Records to process:

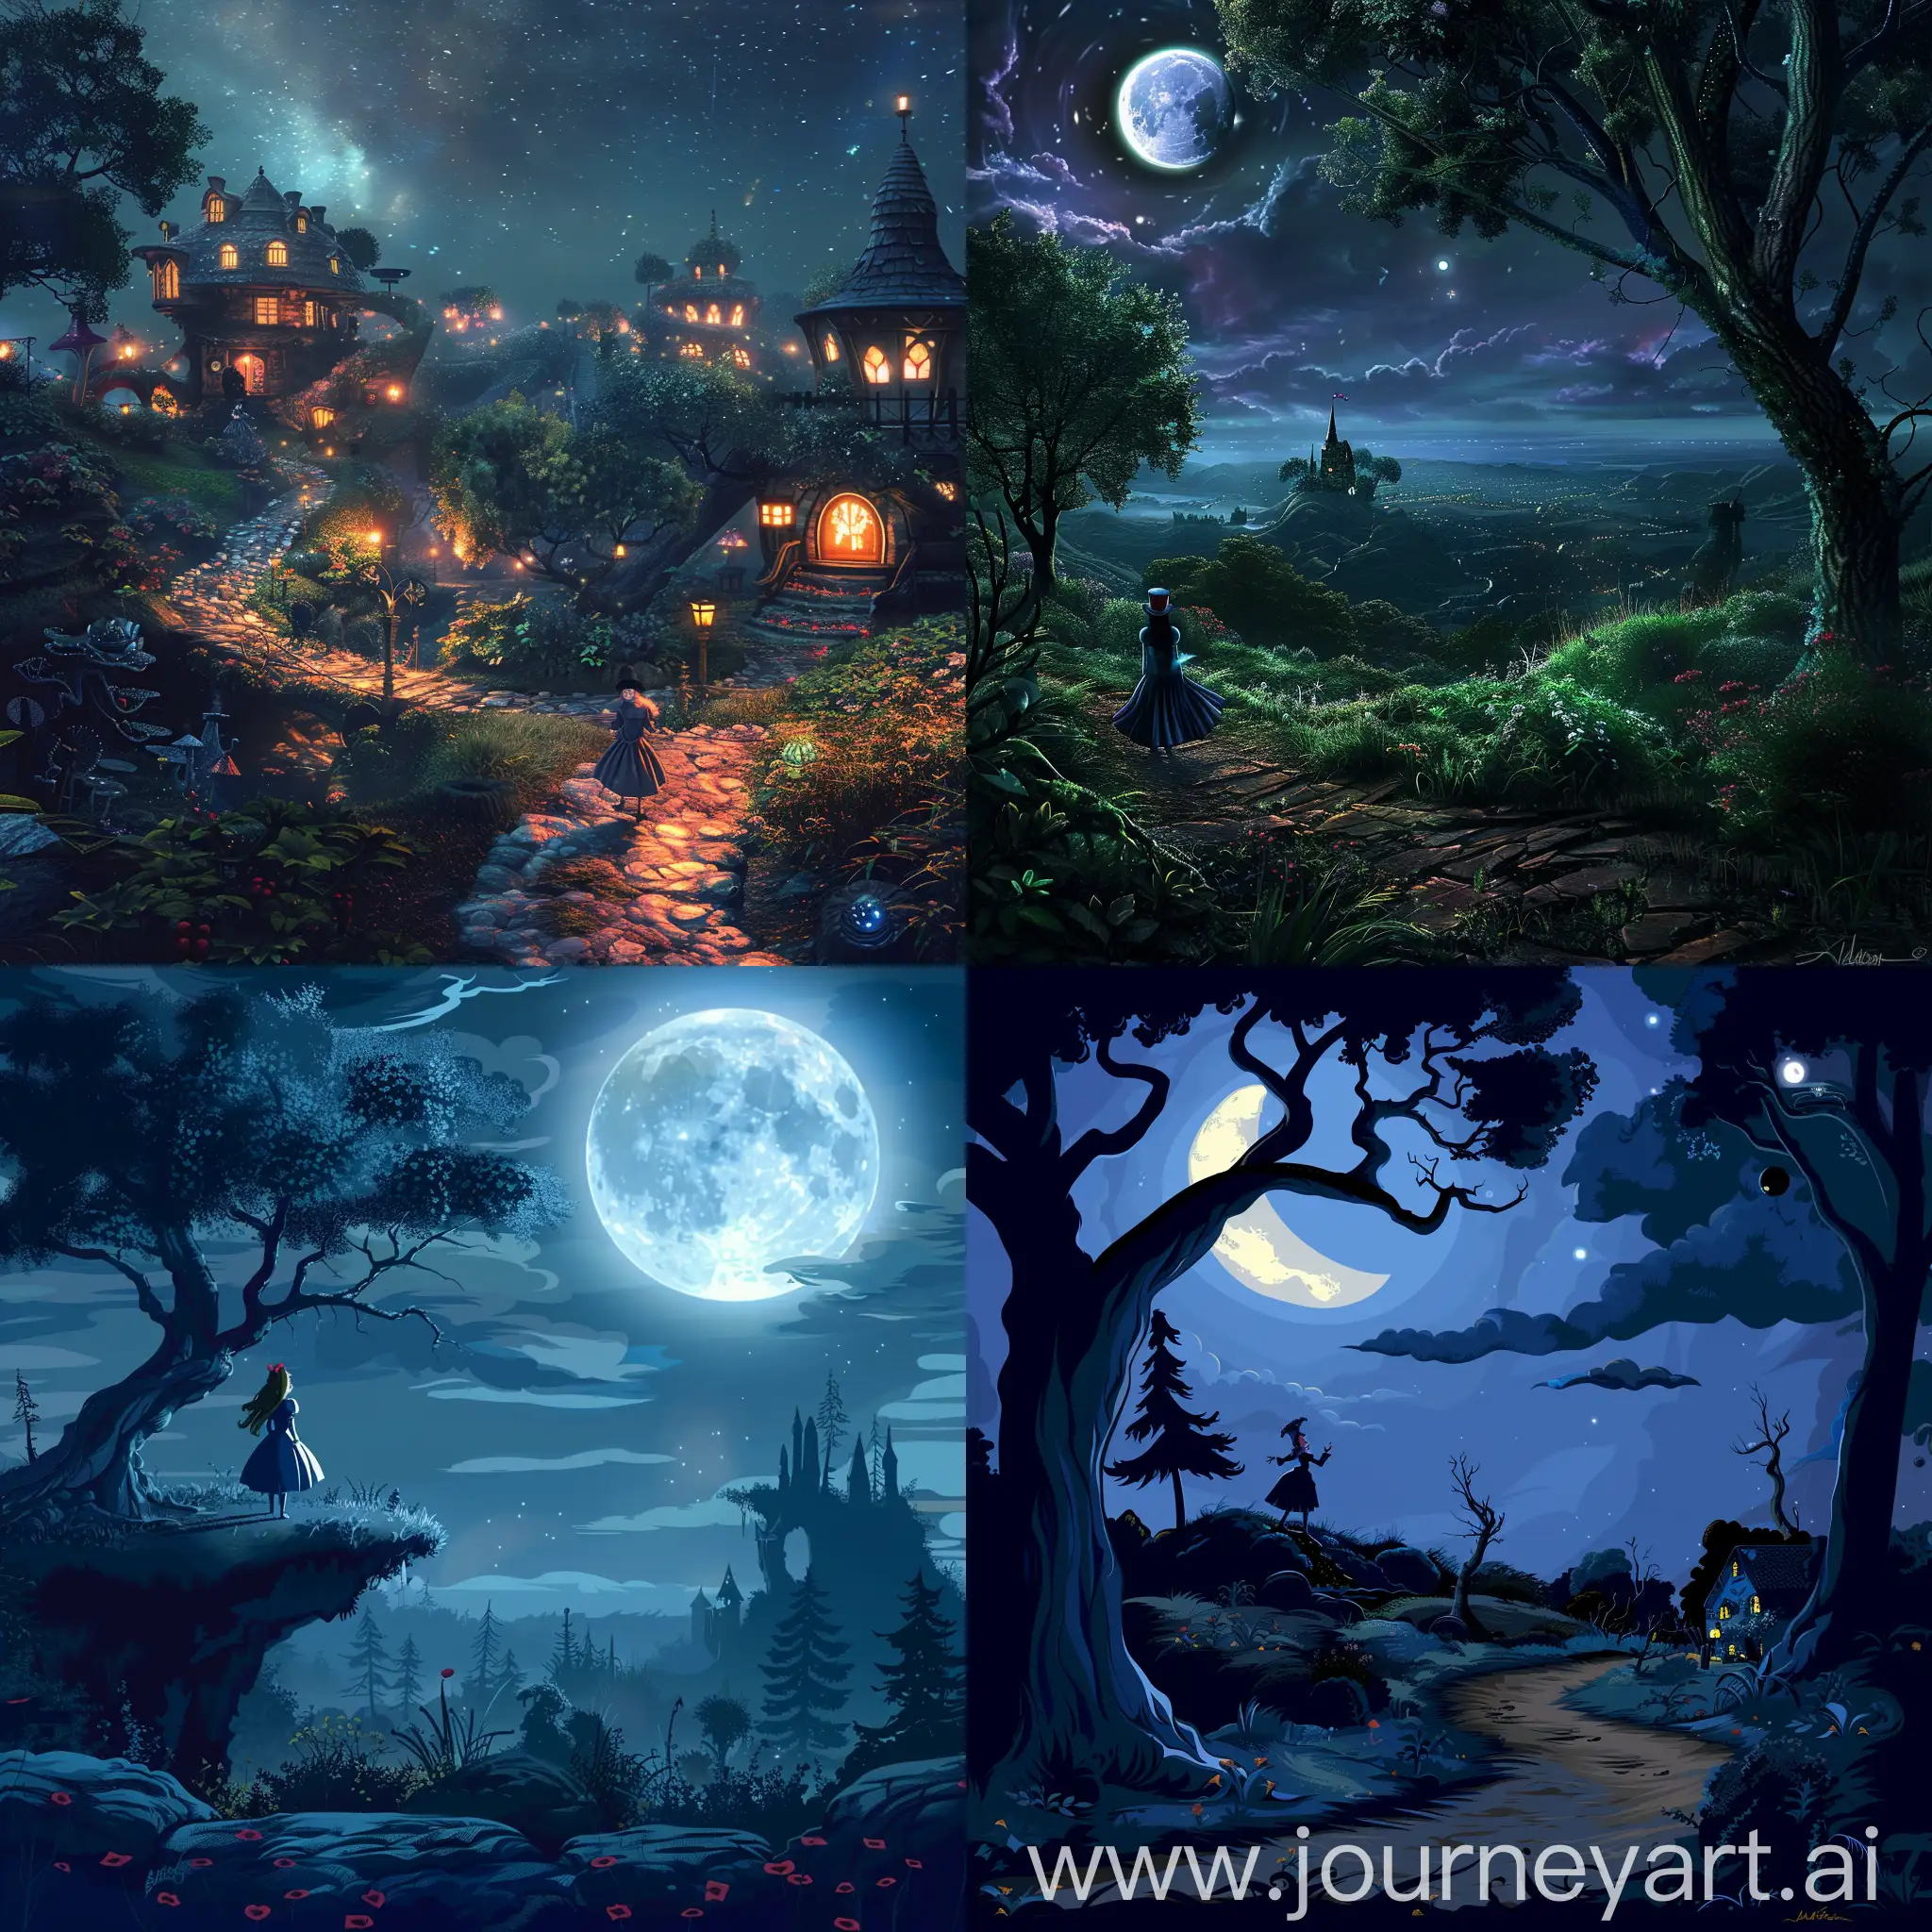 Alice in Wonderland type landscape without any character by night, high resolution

==

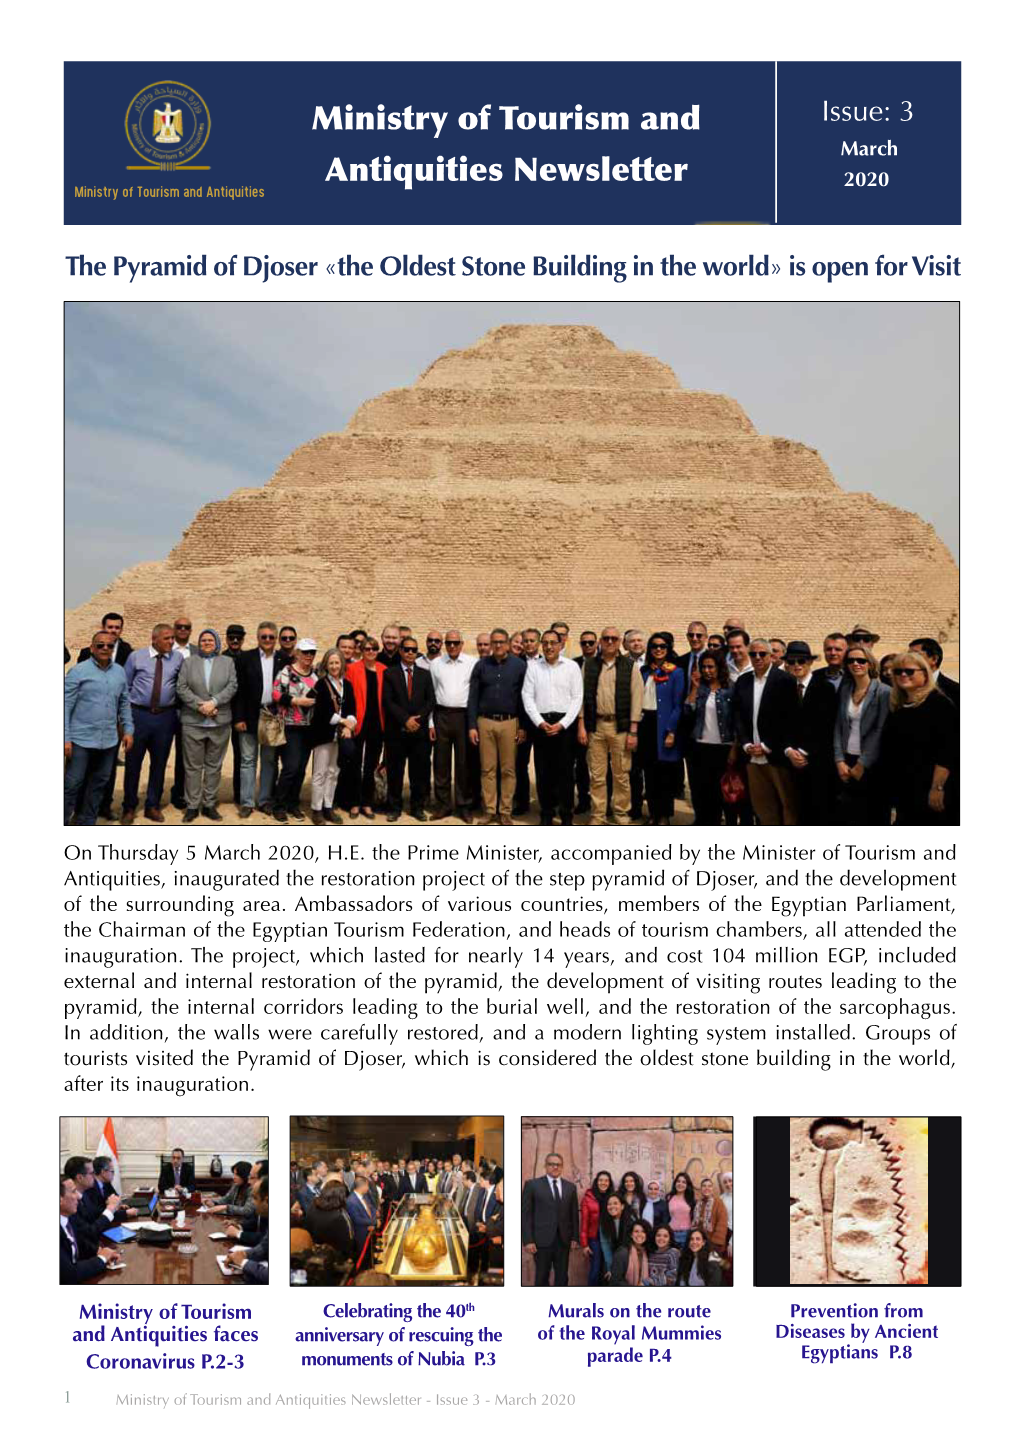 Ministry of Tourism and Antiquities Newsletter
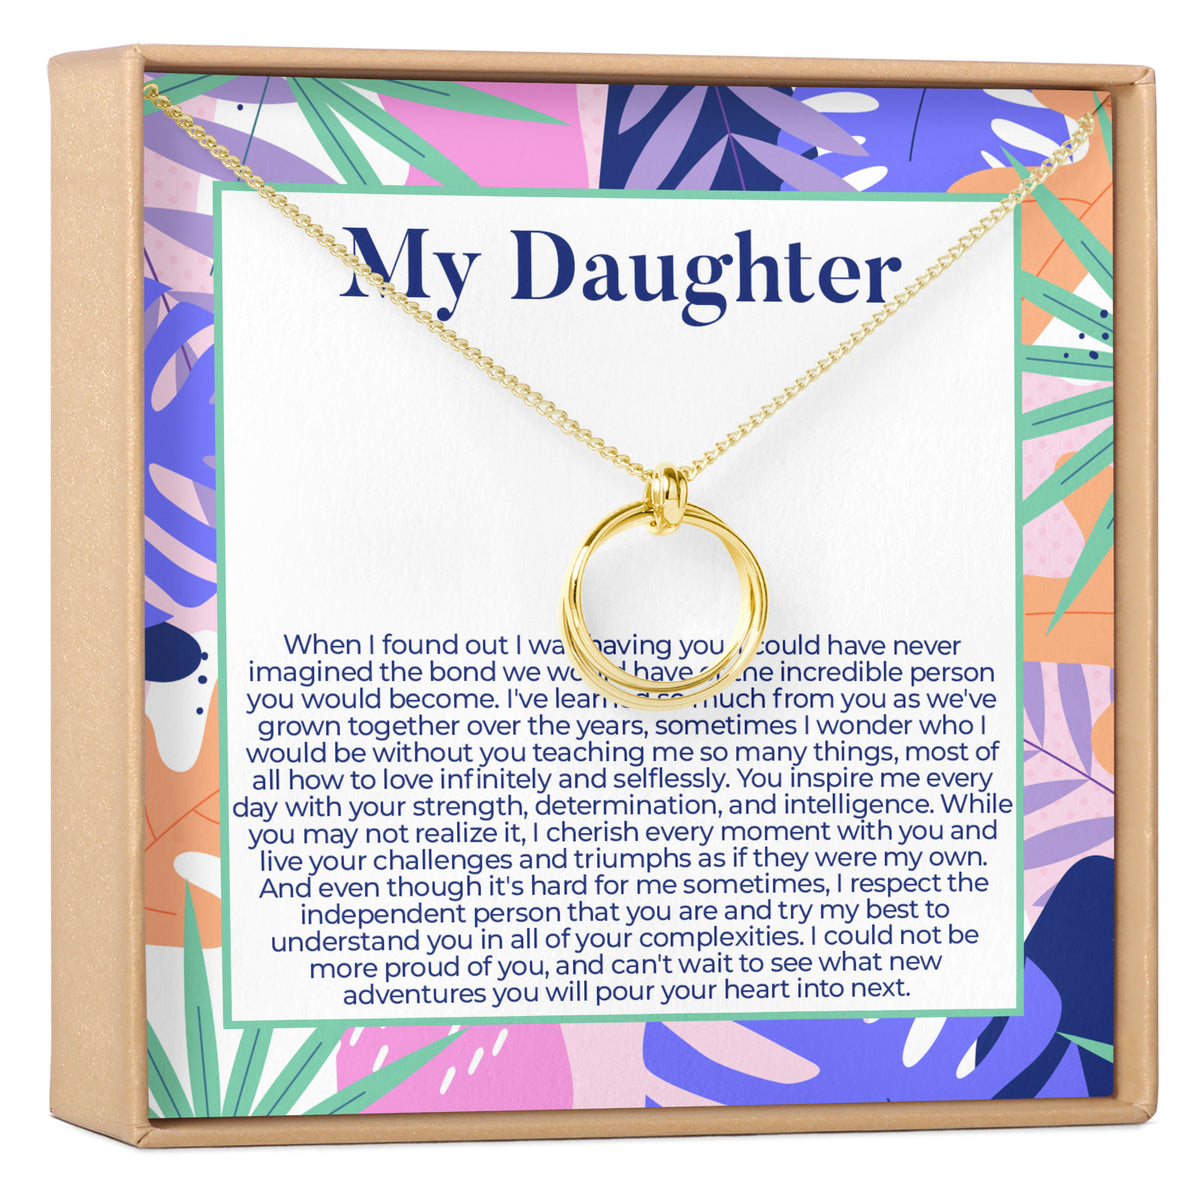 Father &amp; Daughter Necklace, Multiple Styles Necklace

What is required:
Only one stretch of the entries above is needed: the lines from the one containing "Ministry of Tourism" through the one containing "Father &amp; Daughter". Copy it exactly, without the pictures.

Solution:
 Ministry of Tourism and Antiquities Newsletter
 Father &amp; Daughter Necklace, Multiple Styles Necklace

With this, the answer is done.